因爲擊鳴冤鼓的是凌音,縣令怕是郡守的指示不敢耽擱,叫上了一半人跟着前往,到了現場後看着捆法也是好奇。看着人到齊了,也該把人弄醒了,齊琅儀也沒客氣,一盆水潑向三人。本就衣冠不整的他們,小半的水進到衣服裡瞬間冷戰,馬上要入冬了,這效果立竿見影。
三人罵罵咧咧十分難聽,起到一半又坐下了,只看着眼前的繩子沒看周圍,所有人都沒出聲只是看戲。其中兩人想先讓一人站起來,力道猛了沒站穩,向着二人撲過來,滾在一起掙扎着免不了又親又抱,三人相互嫌棄犯惡心,嘴裡一直罵罵咧咧。
方雅詩聽到動靜後,忍不住將門開個縫向外看,見到三條蛆在那裡一直扭,輕淬一聲臉紅的關上了們,方柔好奇的也想往外看,方雅詩連忙哄她不能看。院內扭曲的三人終於發現了周圍情況,害怕的不再掙扎,衆人見沒戲看了,不再忍着進而放肆大笑。
地上的一人看見有縣令在場,反而不怕的大聲喊:“老子可是郡守獨子,陳公子的兄弟!”啪的一個耳光,把他的臉的打腫了,齊琅儀調侃說:“你這斷句有毛病啊,你要早說只是他兄弟,我就不打這麼狠了。”那人怒瞪大喊:“你們竟敢對陳公子不敬!”

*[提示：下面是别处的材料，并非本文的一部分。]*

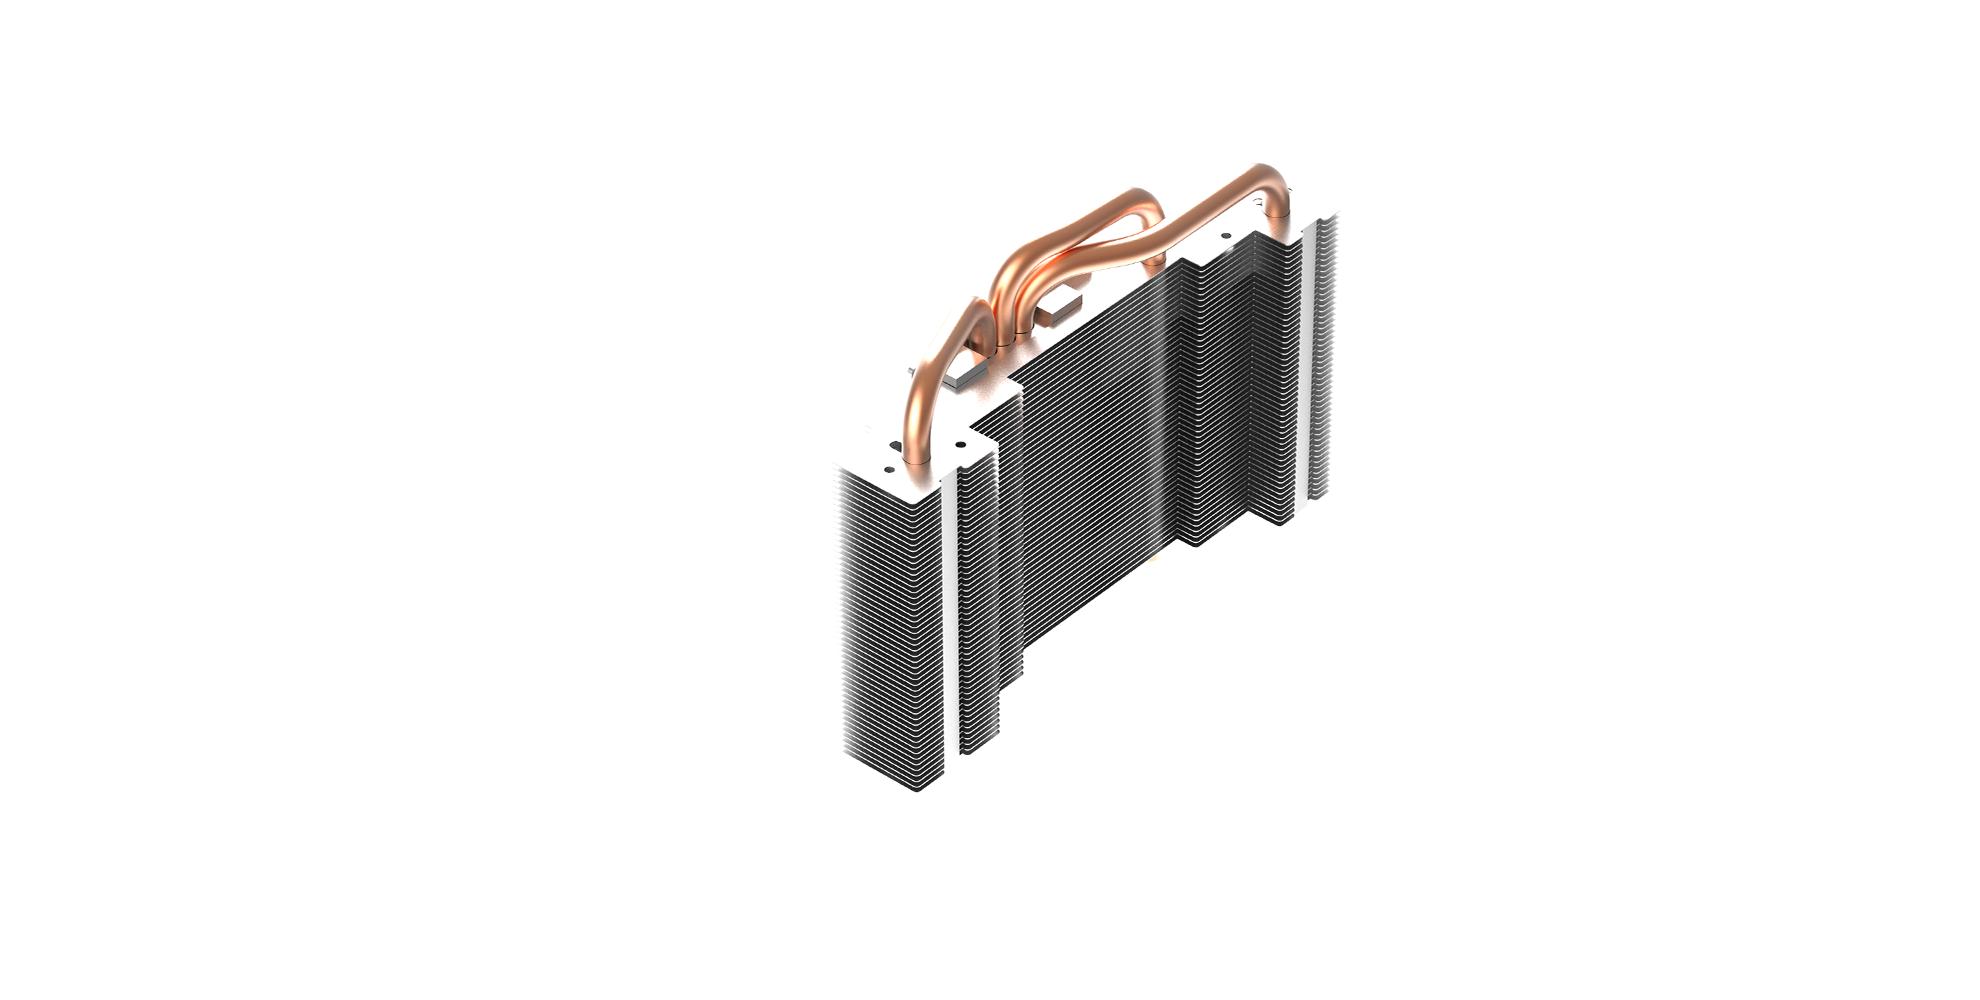 Geforce Rtx 2060 Mini Itx Oc 6g Graphics Card Gigabyte Global

凌音冰冷冷的說:“陳郡守兢兢業業爲百姓擔憂,他的兒子若是如你這般,奴家可能會先揍個半死,再拎着去找郡守請罪。”齊琅儀點頭說:“沒錯,我也是這想法,並且勸郡守再生幾個。”縣令聽完他倆的話,眼角忍不住一陣抽搐,其他人更是感到膽寒。
齊琅儀也就跟着口嗨一下,真有說的情況頂多打兩下,但是看凌音目光中的殺意,可能是想玩兒真的。地上的三個人本就凍的瑟瑟發抖,聽完更是透心涼,被解開腳上的繩子也沒有反抗,打算遠離這二人再想辦法,齊琅儀看他們的眼神也明白什麼意思。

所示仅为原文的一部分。